This book provides a comprehensive introduction to advanced drug delivery and targeting, covering their principles, current applications, and potential future developments. This edition has been updated to reflect significant trends and cutting-edge advances that have occurred since the first edition was published. All the original chapters have been retained, but the material therein has been updated. Eight new chapters have been added that deal with entirely new technologies and approaches.
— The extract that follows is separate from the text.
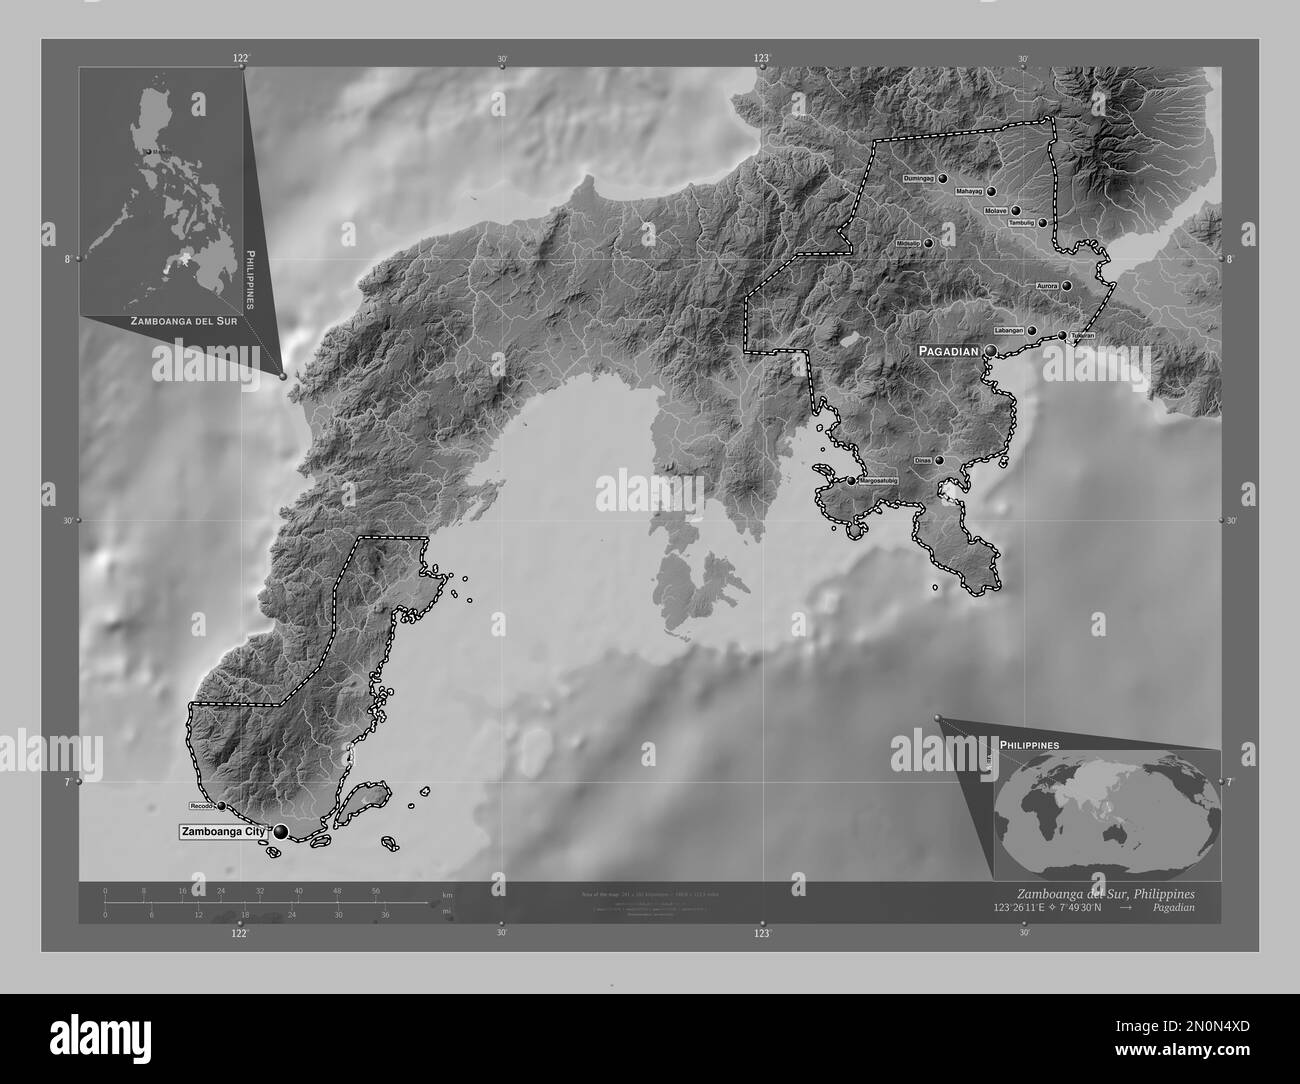 Zamboanga del Sur, province of Philippines. Grayscale elevation map with lakes and rivers. Locations and names of major cities of the region. Corner a Stock Photo

- Offers a comprehensive introduction to the fundamental concepts and underlying scientific principles of drug delivery and targeting
- Presents an in-depth analysis of the opportunities and obstacles afforded by the application of nanotechnologies for drug delivery and targeting
- Includes a revised and expanded section on the major epithelial routes of drug delivery currently under investigation
- Describes the most recent, emerging, and innovative technologies of drug delivery
- Provides real-life examples of the clinical translation of drug delivery technologies through the use of case studies
- Discusses the pertinent regulatory hurdles and safety issues of drug delivery and targeting systems—crucial considerations in order to achieve licensing approval for these new technologies
Table of Contents
Fundamental Issues. Introduction to Drug Delivery and Targeting Systems. Controlled Drug Release: history and future directions. Pharmacokinetics and Biopharmaceutics. Improving the water-solubility of poorly soluble drugs. An overview of epithelial barriers. Parenteral Routes of Drug Delivery and Targeting. Nanoparticles for targeted drug delivery. Challenges and obstacles to targeted drug delivery. Depot formulations. Non-Parenteral Routes of Drug Delivery and Targeting. Oral drug delivery: targeting in the GI tract. Buccal and sublingual drug delivery. Transdermal drug delivery. Nasal drug delivery. Pulmonary drug delivery. Vaginal drug delivery. Ophthalmic drug delivery. Emerging Technologies. Stimuli-sensitive drug delivery systems. Drug delivery to the CNS. Gene delivery systems. Vaccine delivery. Theranostic nanoagents. Nanotechnology in tissue engineering and regenerative medicine. Other Issues. Rational drug discovery, design and development. Regulatory & Safety Concerns. Marketing Perspectives.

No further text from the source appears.